ICE cotton futures rallied to their highest levels in more than a month on Tuesday, after a US government report lowered expectations for output in top producer India and continued rains in US growing regions contributed to supply concerns.
Technical buying also accelerated gains after the rally triggered automatic buy-stops above the prior week's high at 62.45 cents a lb. The December contract also eclipsed its 50-day moving average, at 62.75 cents a lb, for the first time since late August.
The US Department of Agriculture's (USDA) attache in India released on Monday after the market close said that the country's 2015-16 output would be 28.5 million 480-lb bales, below the USDA's official projection of 29 million bales, as low rainfall during the monsoon season would stunt crops and harm yields.

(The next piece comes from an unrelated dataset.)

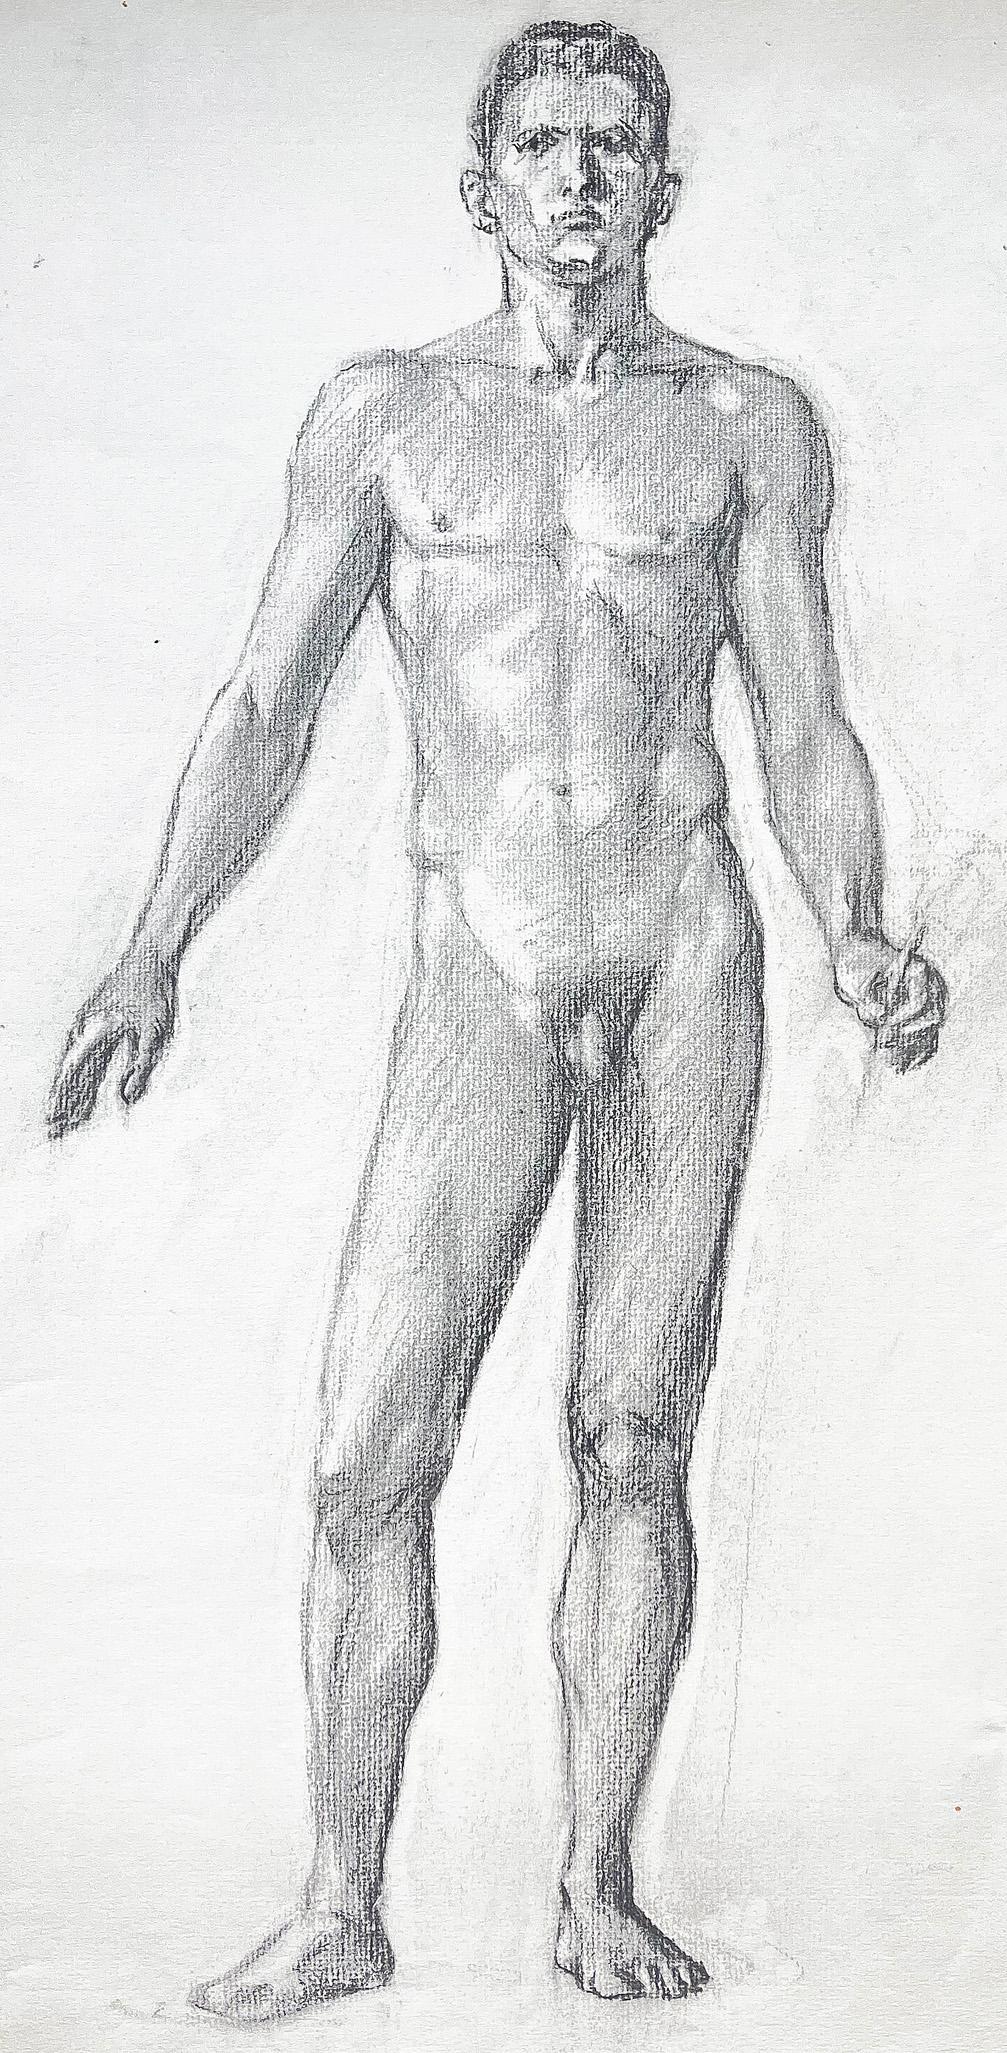 Ce dessin fort et confiant d'un nu masculin debout a été réalisé par Allyn Cox, probablement pour l'une des nombreuses peintures murales qu'il a peintes dans les années 1920, 1930 et 1940, à commencer par une série de peintures pour la William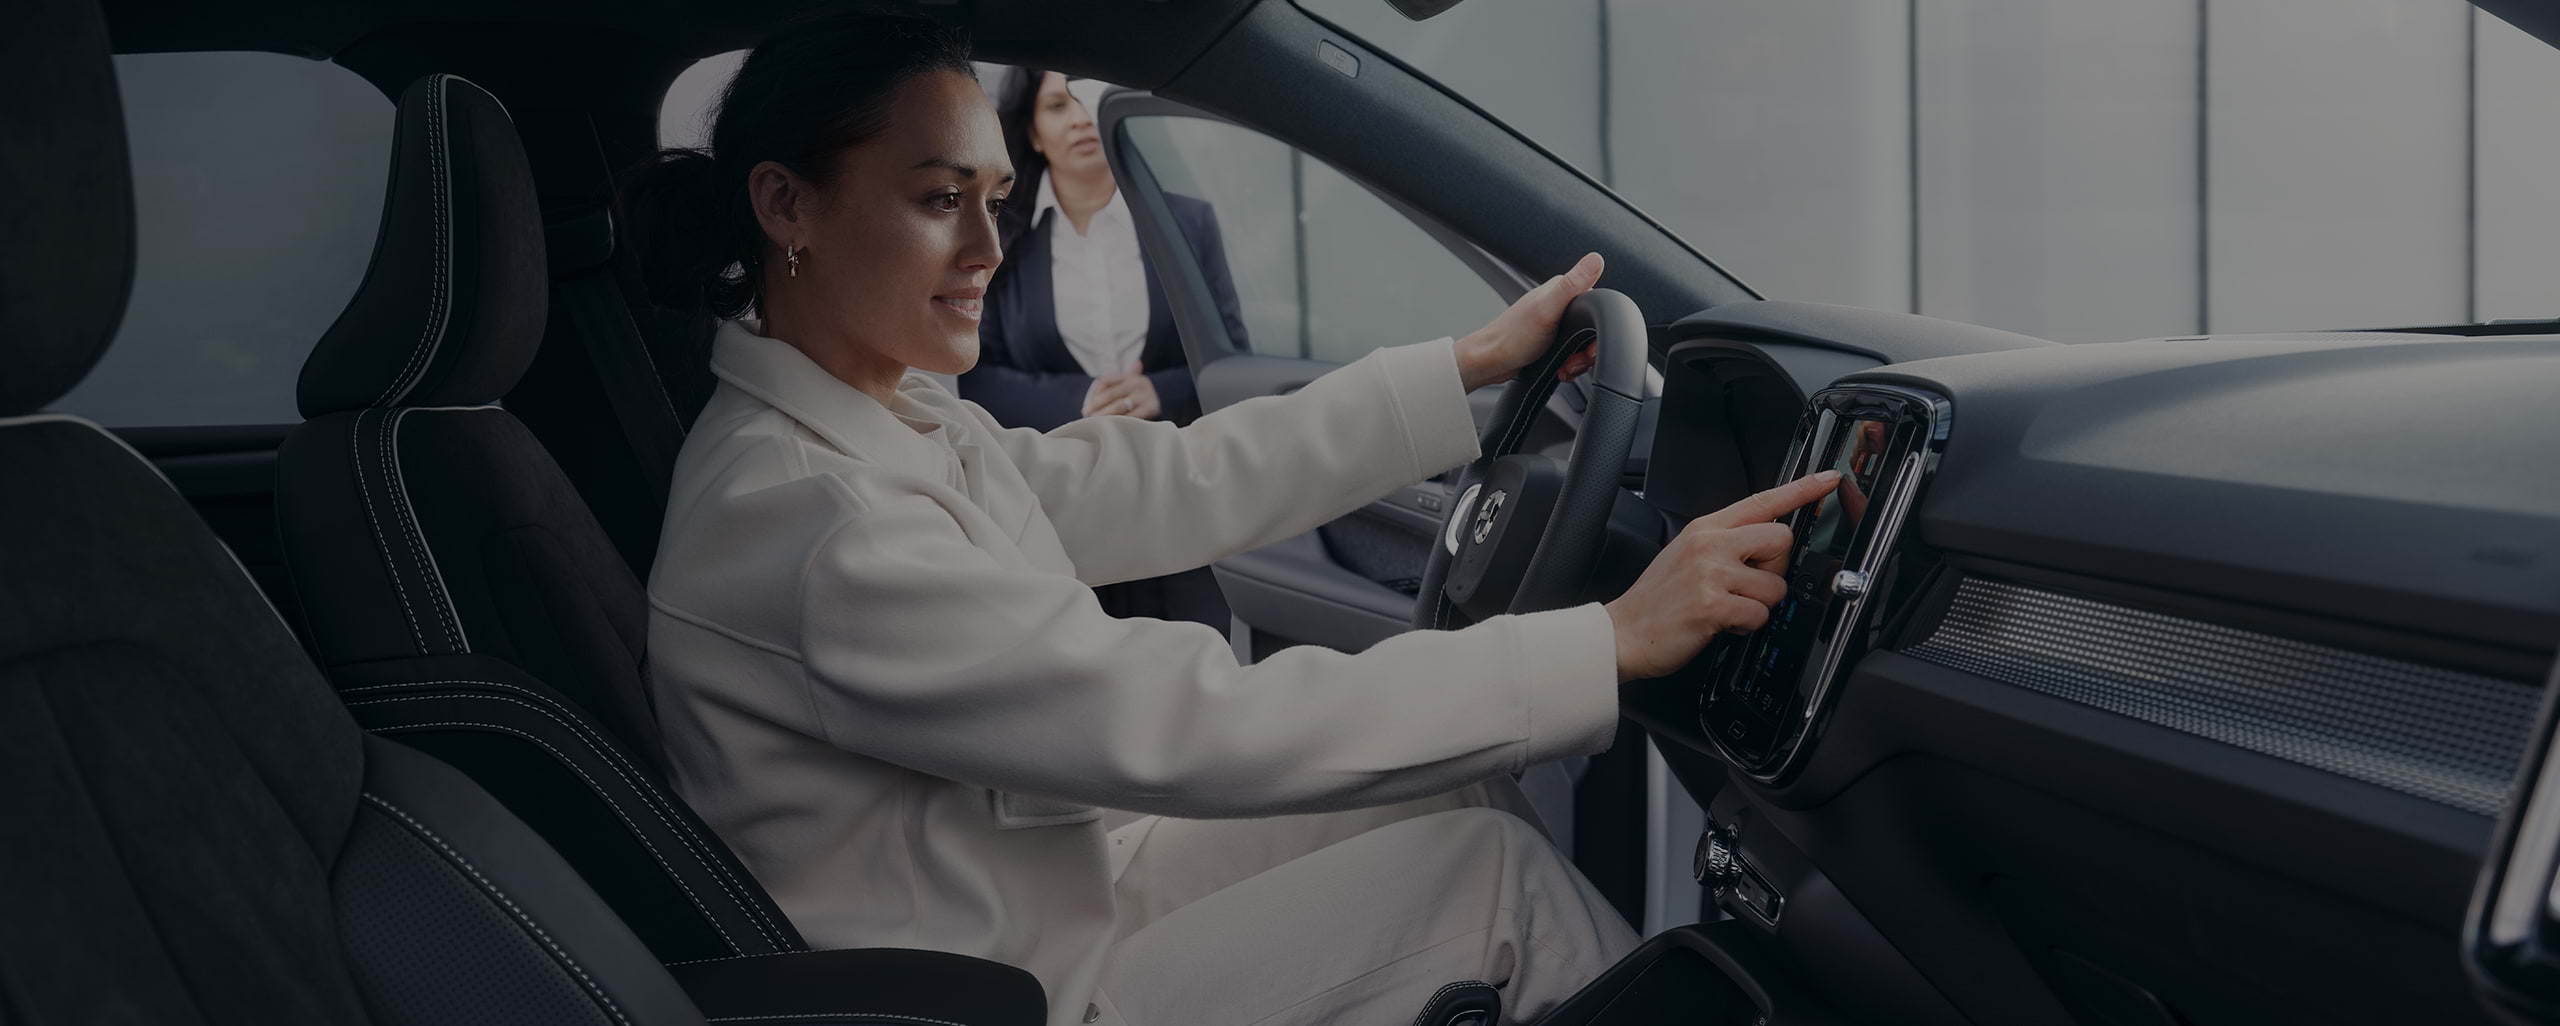 Pasada por alto por una vendedora, una joven se sienta sonriente en el asiento del conductor tocando la consola central de un vehículo Volvo.

"The Indian crop has to be smaller than a year ago - there's less acreage and the monsoon wasn't as good," said Rogers Varner, president of Varner Brokerage in Cleveland, Mississippi. The USDA's unexpected reduction in its forecast for the US crop in last Friday's supply and demand report continued to support the market, with more rains in the Carolinas in recent days adding to traders' concerns about supply, traders said.
Spillover from gains in other commodities markets, particularly soybeans, amid a weakening US dollar also helped boost prices. "It's a green day for the ags," said Louis Rose, an independent cotton trader and analyst with Risk Analytics in Memphis, Tennessee. Cotton contracts for December rose to settle up 2.17 cents, a 3.5-percent gain, to 63.86 cents per pound. It traded within a range of 61.53 and 64.16 cents a pound.
Certificated cotton stocks deliverable as of October 12 totalled 43,224 480-lb bales, unchanged from the previous session. The New York average basis price for cotton for December fell by 0.15 cent, or 0.25 percent, to 59.94 cents a pound.